Il convient aussi de tenir compte de la nouvelle forme qu'a prise l'épargne. Jadis les épargnants cachaient leur argent dans les matelas, dans des vases enfouis dans le sol, etc. ; de nos jours ils le rendent à la circulation par l'intermédiaire des caisses d'épargne. De ce fait, des sommes considérables viennent renforcer la demande.
Les grands magasins aussi contribuent à accélérer la circulation monétaire : en une matinée, l'acheteur peut y dépenser plus qu'il ne le pourrait en partageant ses emplettes entre des boutiques disséminées aux quatre coins de la ville.
Bref, la vitesse limite de la circulation monétaire peut croître constamment, c'est indéniable. Mais cette possibilité ne change rien au portrait que nous avons tracé de la demande.

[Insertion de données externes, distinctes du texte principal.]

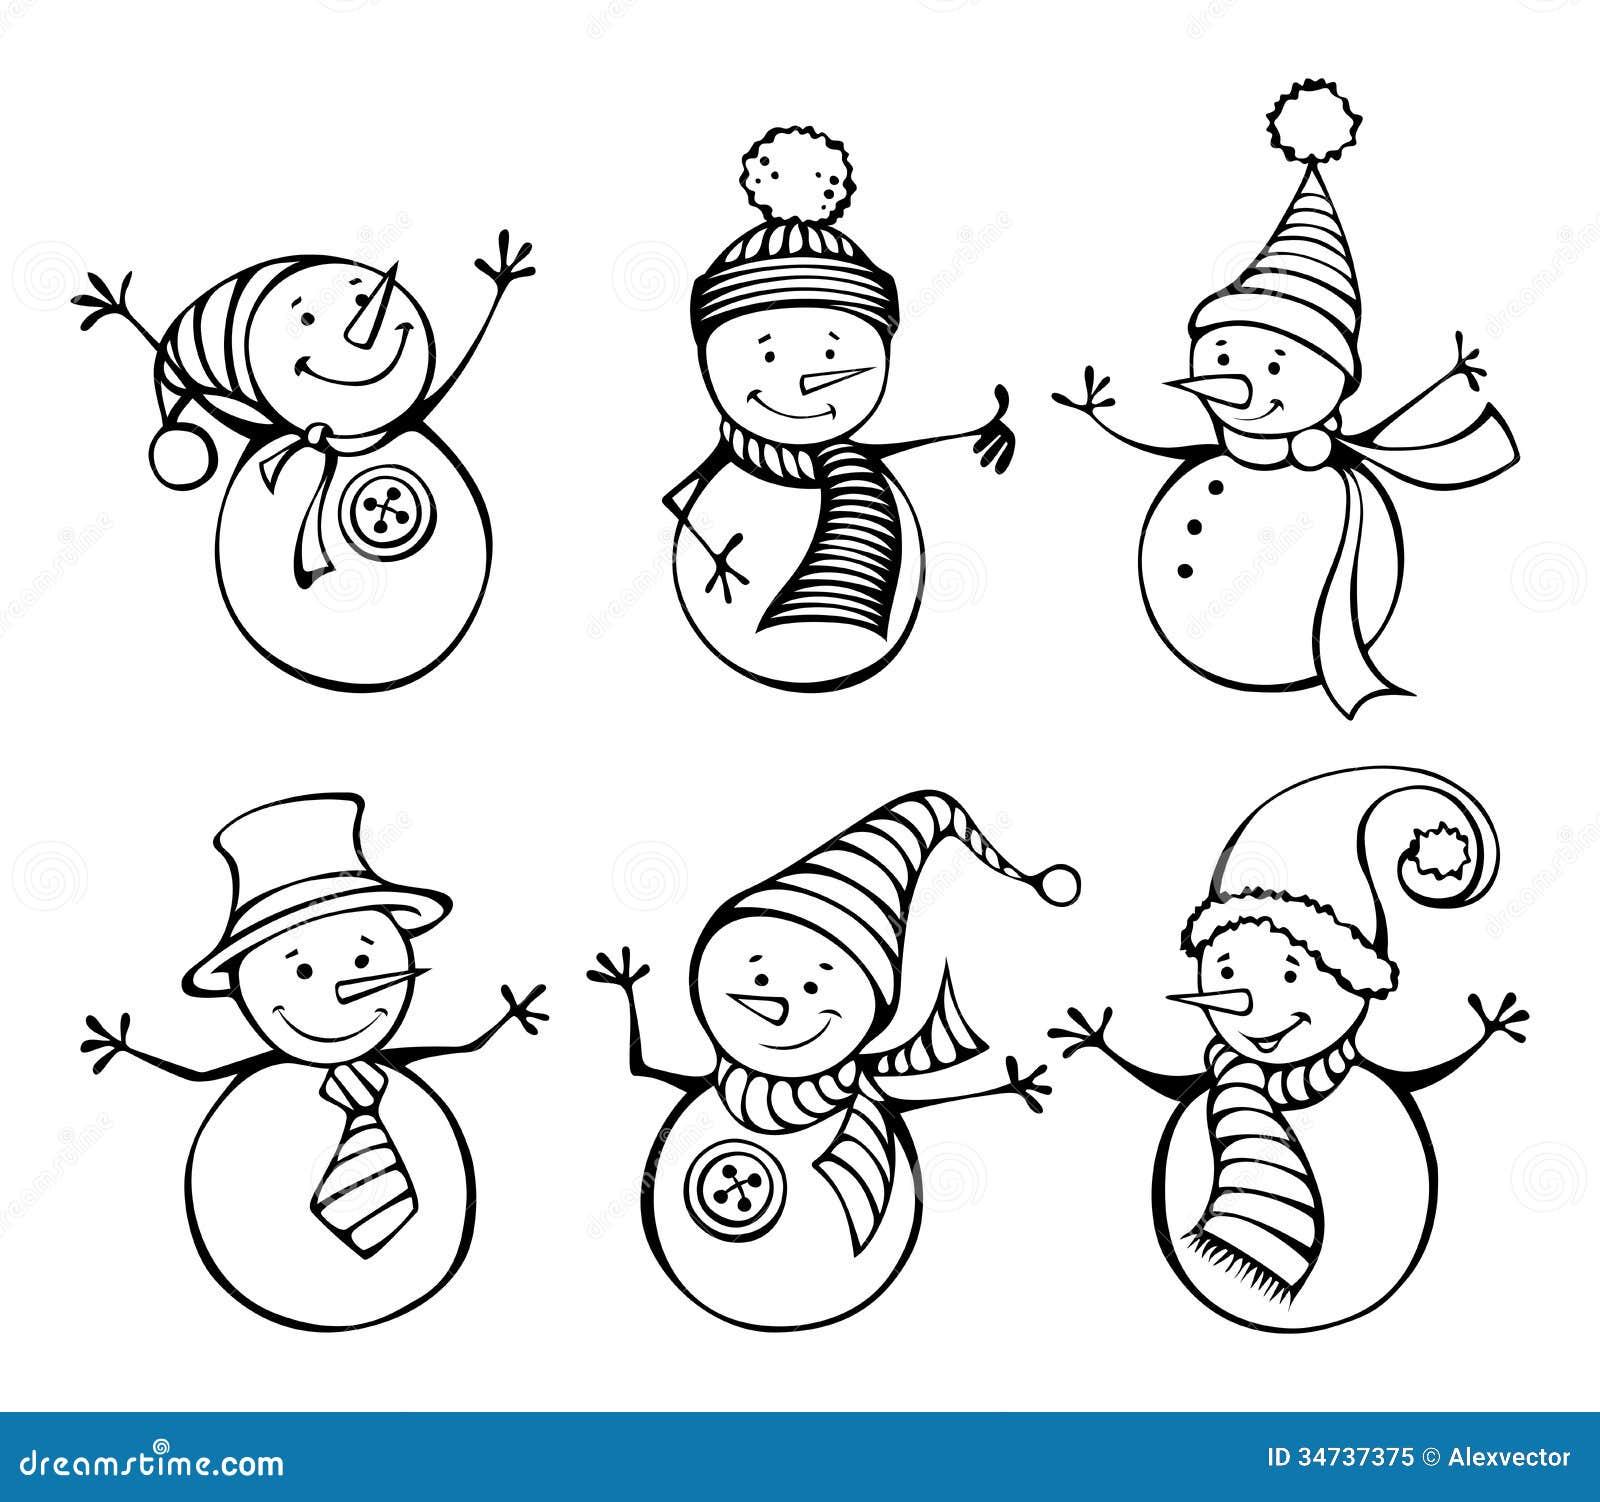 Seis bonecos de neve isolados no fundo branco

La demande est déterminée par la quantité de monnaie émise et par la vitesse de la circulation monétaire. La demande croit exactement en raison de l'accroissement du stock monétaire et de la vitesse de circulation monétaire.

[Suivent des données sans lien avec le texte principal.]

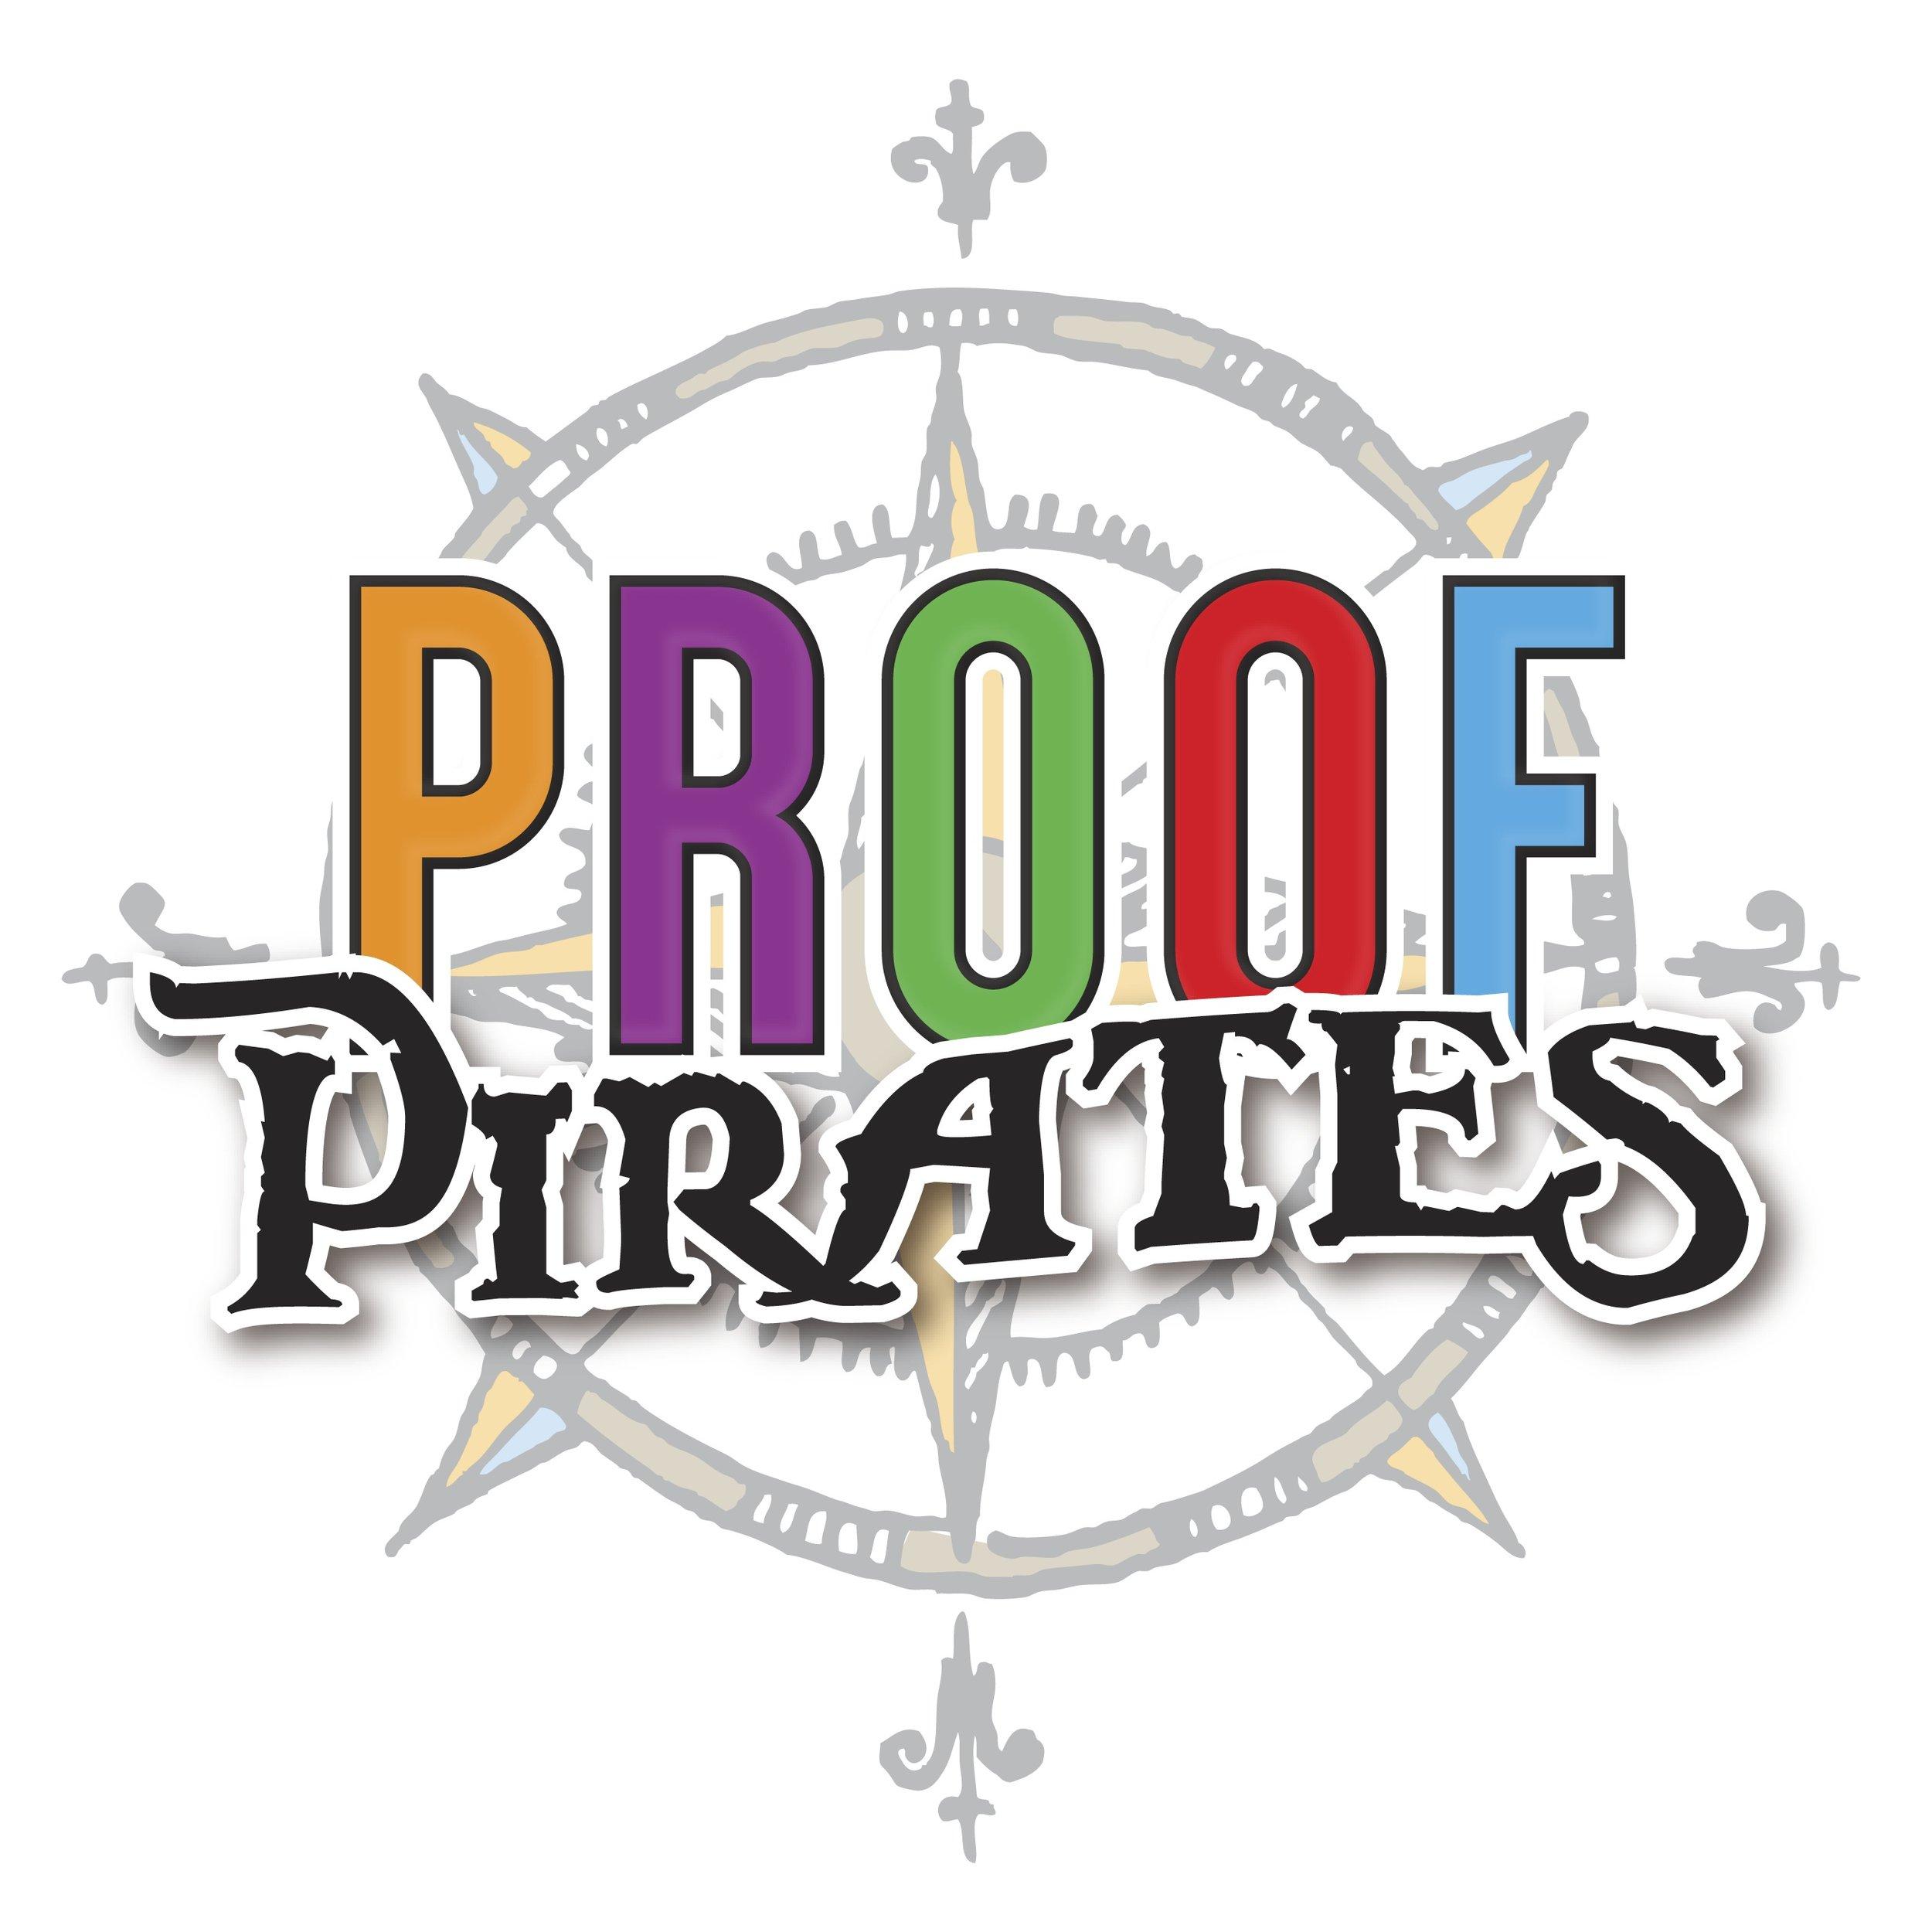 PP VBS logo.jpg

Voilà ce qu'il faut savoir en tout premier lieu, pour se faire une idée générale de la détermination des prix par l'offre et la demande. Nous n'avons pas encore appris grand'chose, il est vrai. Mais désormais ces mots désignent quelque chose de précis, de tangible, de mesurable. Ils ne représentent plus des abstractions. En parlant d'offre nous ne songeons plus aux affaires, à la spéculation, etc. Nous voyons des wagons entiers de bois, de paille, de chaux, de laine, de minerai. De quoi nous assurer à l'aide de tous nos sens que nous ne rêvons pas.
Quand nous parlons de demande, nous ne pensons pas à la mendicité, à quelque déficit, au taux de l'intérêt, etc. Nous nous représentons du numéraire — des pièces et des billets, de l'argent que l'on peut prendre et compter. Nous voyons cet argent, mû par une force qui lui est propre, parcourir un circuit fermé, et sa circulation s'accélérer grâce au progrès de la technique commerciale. Nous voyons la monnaie, chaque fois qu'elle boucle son circuit, transférer des marchandises, du marché chez le consommateur. En assistant à ce va-et-vient du numéraire, nous comprenons que la demande dépend en partie de la rapidité avec laquelle l'argent, après avoir déposé une marchandise, se hâte vers le marché pour en saisir une autre. Nous ne parlons plus comme des perroquets. Nous avons conscience de nous appuyer sur les fondements même de l'économie politique, lorsque nous disons : les prix sont déterminés de façon absolue par l'offre et la demande.
(1) Comme les marchands de bestiaux le font encore de nos jours, jadis tous les marchands en voyage portaient sur eux les espèces destinées à leurs achats. On dit que le fond de l'océan est jonché, tout le long de la route des Indes, d'une couche de monnaie accumulée peu à peu par les naufrages.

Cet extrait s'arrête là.